A novel bioactive chalcone of Morus australis inhibits tyrosinase activity and melanin biosynthesis in B16 melanoma cells.

Makoto Takahashi1, Kensaku Takara, Tomonao Toyozato, Koji Wada.   

Abstract

The methanol extract of Morus australis (shimaguwa) acts as a whitening agent due to the inhibition of tyrosinase activity. In order to explore the mechanism(s) of the whitening action, constituents of the 95% methanol extract from the dried stems of shimaguwa were isolated and their skin-whitening capacity was examined. Bioassay-guided fractionation of the methanol soluble extract of shimaguwa led to the isolation of 2, 4, 2', 4'-hydroxycalcone (chalcone 1) and three analogues of chalcone 1 with 3'-substituted resorcinol moieties (chalcones 2-4). Chalcone derivative 4 proved to be a novel compound and was fully characterized.

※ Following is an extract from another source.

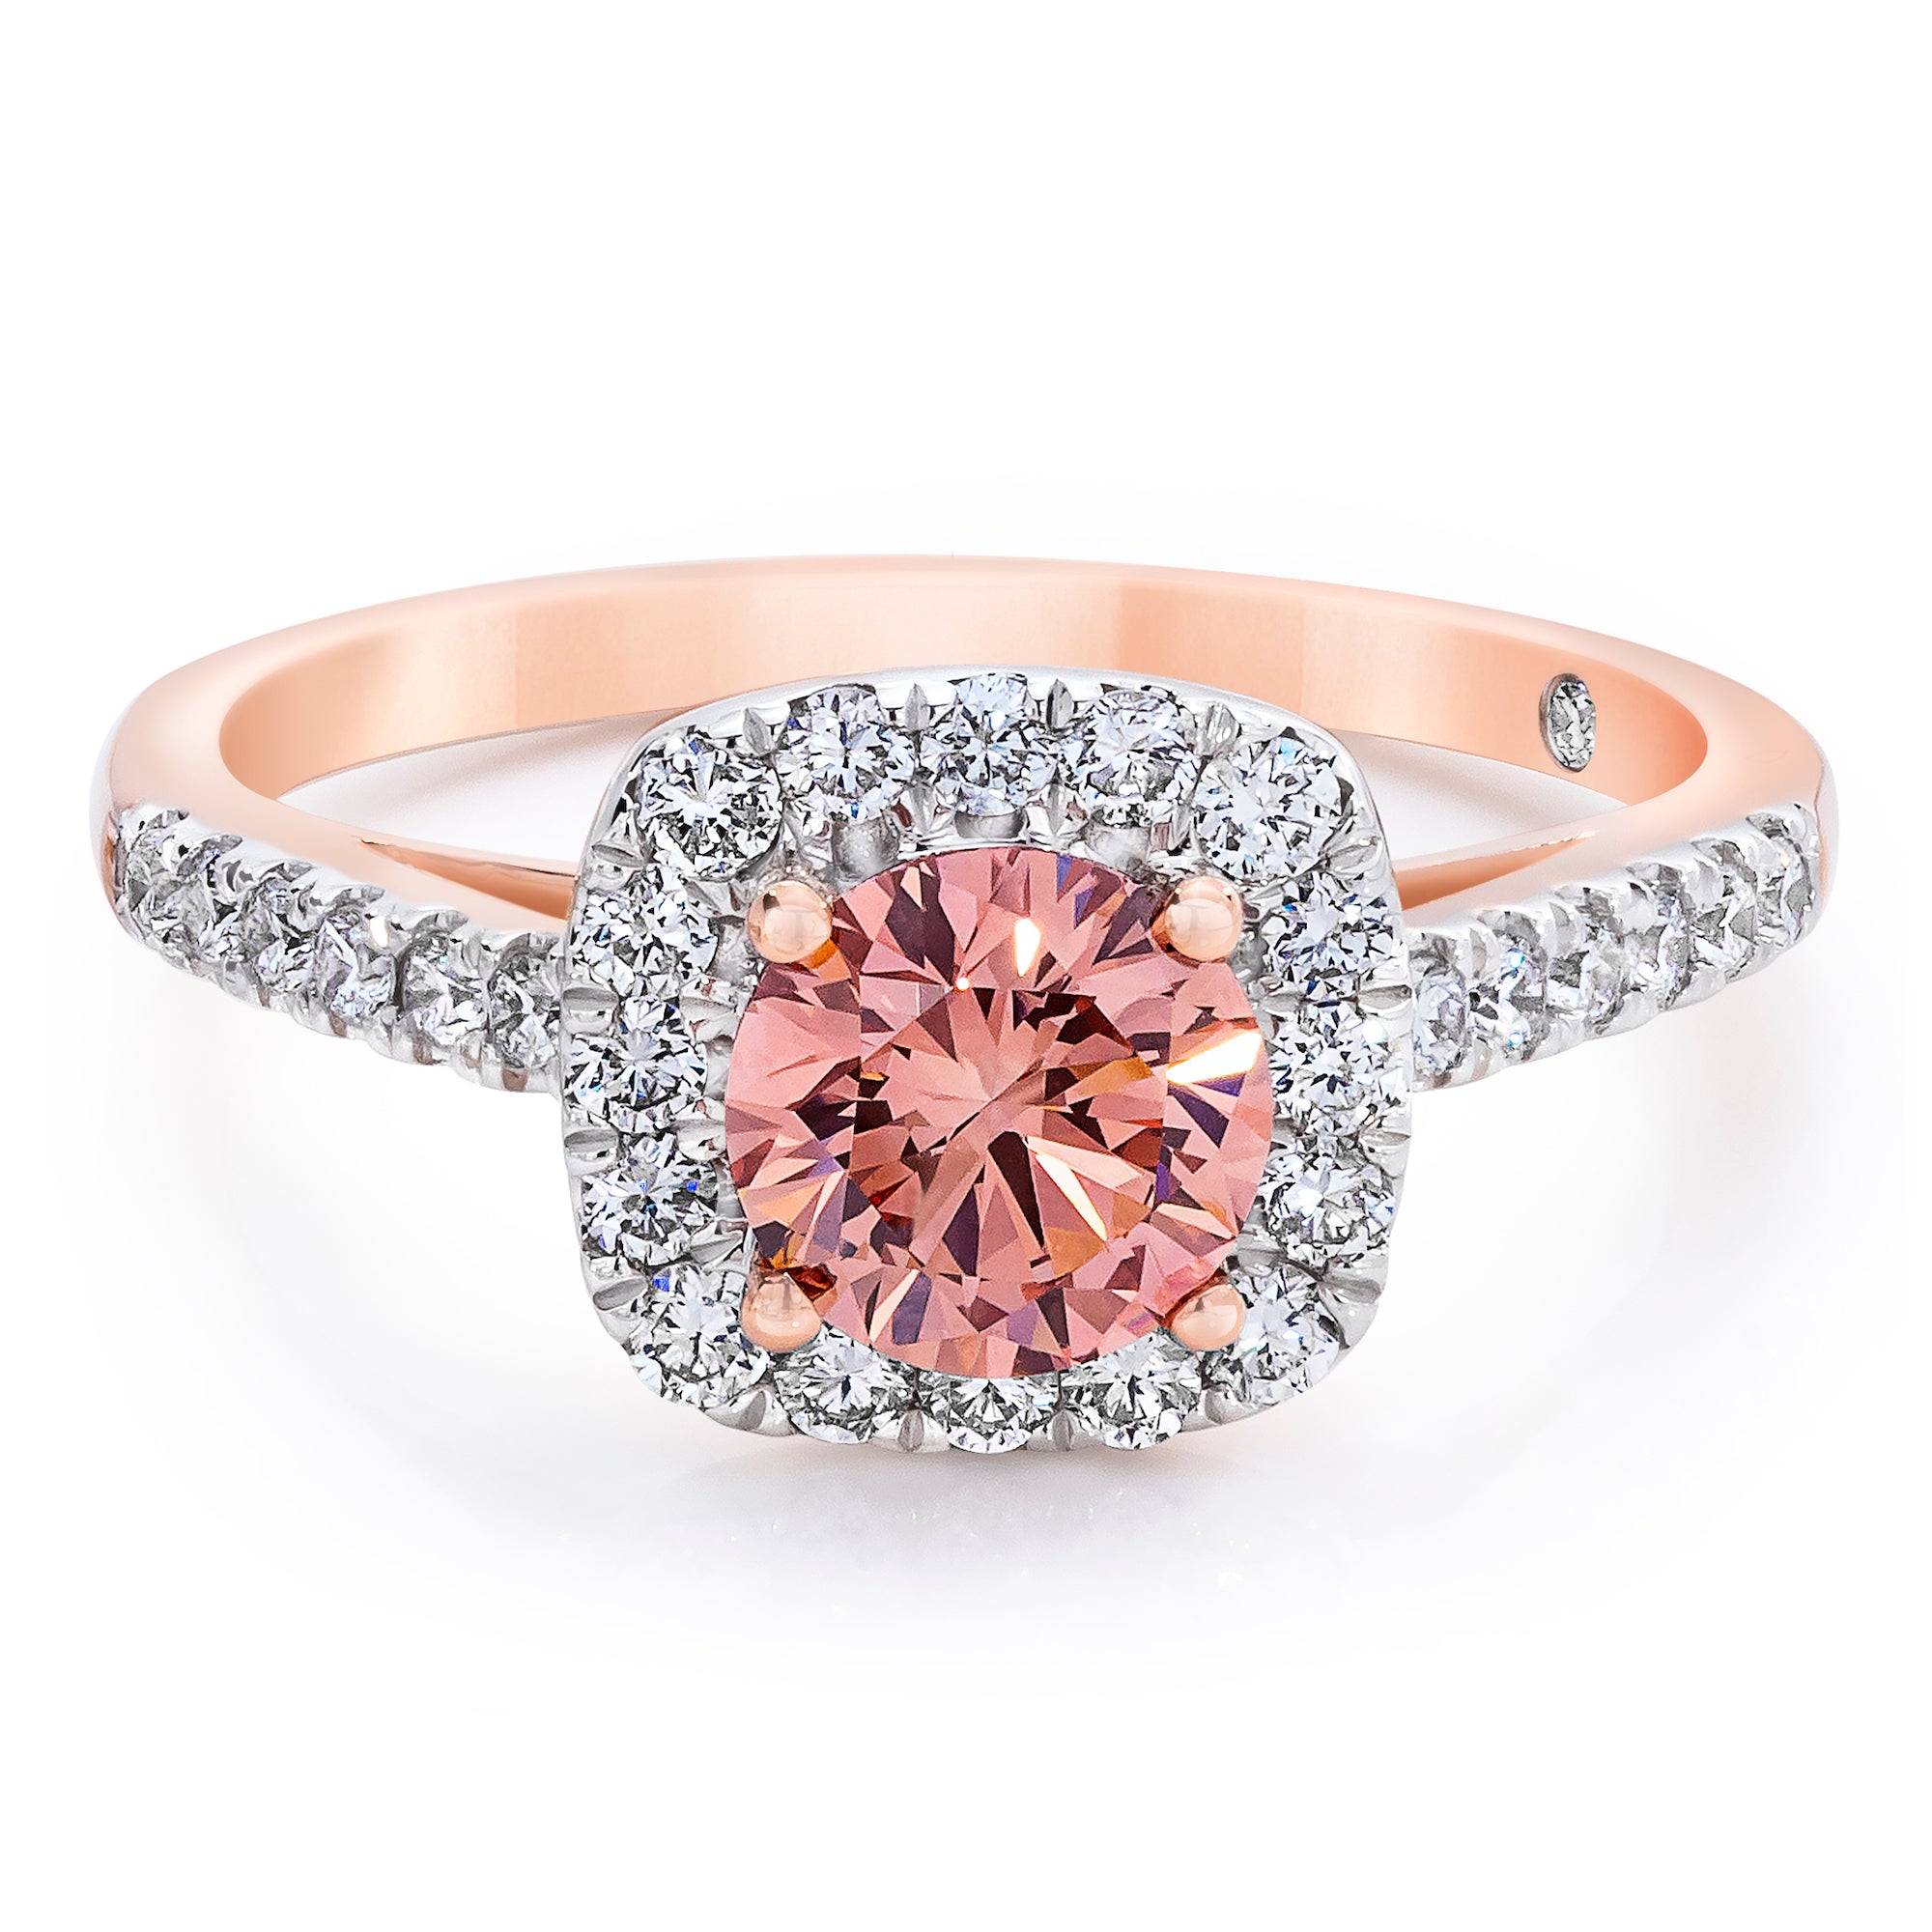 1.50 ctw Pink & White Lab Created Diamond Halo Engagement Ring
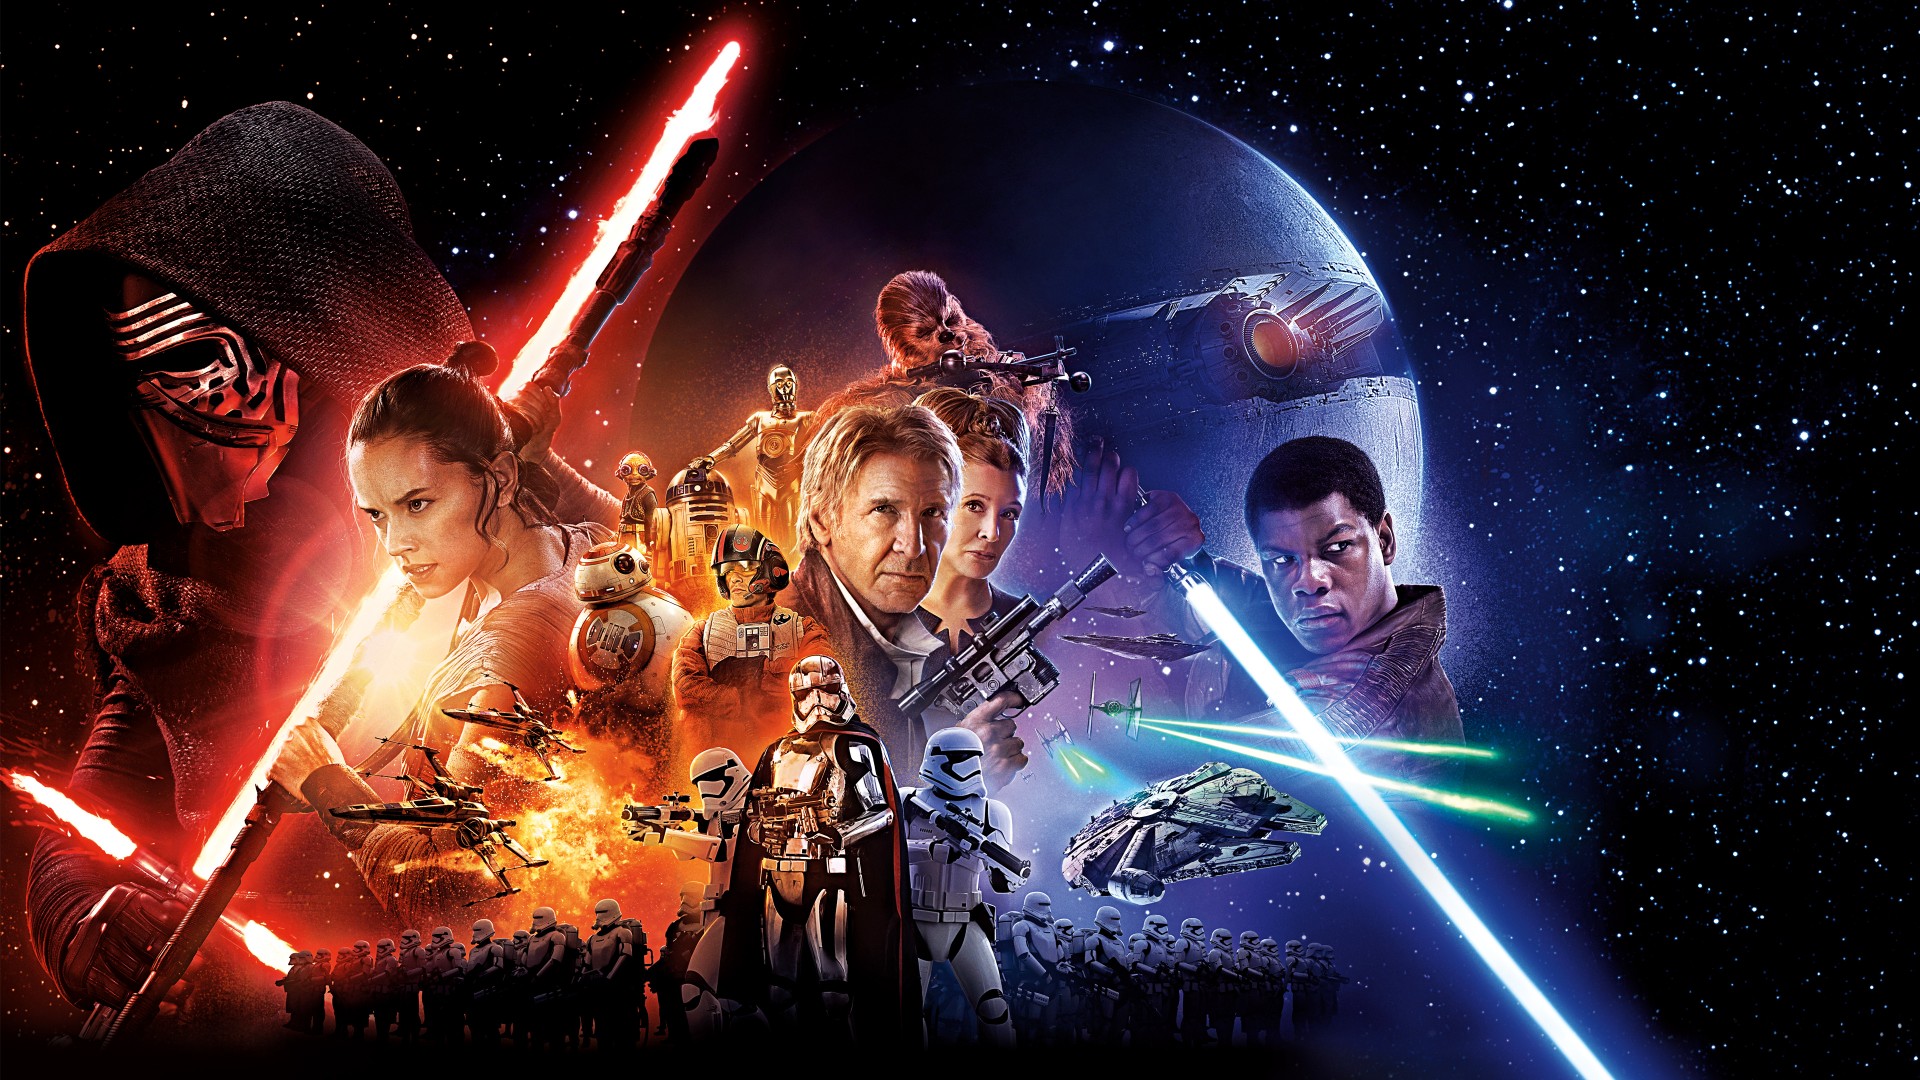 the force awakens wallpaper,space,fictional character,movie,luke skywalker,games

Chalcones 1-4 were evaluated for inhibition activity on mushroom tyrosinase using L-tyrosine as the substrate. The parent chalcone 1 was a highly effective inhibitor of tyrosinase activity (IC₅₀ = 0.21 μM) compared to arbutin (IC₅₀ = 164 μM). Compared to chalcone 1, chalcones 2 and 3, which possess 3'-substituted isoprenyl or bulky 2-benzoylbiphenyl, showed significantly decreased tyrosinase activity, while chalcone 4, possessing 3'-substituted 2-hydroxy-1-pentene group, showed slightly increased activity.The effects of chalcones 1-4 on melanin synthesis, without affecting cell growth, were assayed in melanin-producing B16 murine melanoma cells. Chalcone 3 significantly reduced cell viability before reaching the IC₅₀ value for melanin synthesis. In contrast, the inhibitory effects of chalcones 1, 2 and 4 were more than 100-fold greater than that of arbutin, with little or no cytotoxicity. More significantly, chalcone 2, which exhibited less tyrosinase inhibitory activity compared to the parent chalcone 1, showed the highest inhibition of melanin synthesis in B16 cells among the chalcones tested. Accordingly, chalcones 1 and 2, and the novel chalcone 4 might be the active components responsible for the whitening ability of shimaguwa. Moreover, whitening ability was not exclusively due to tyrosinase inhibition.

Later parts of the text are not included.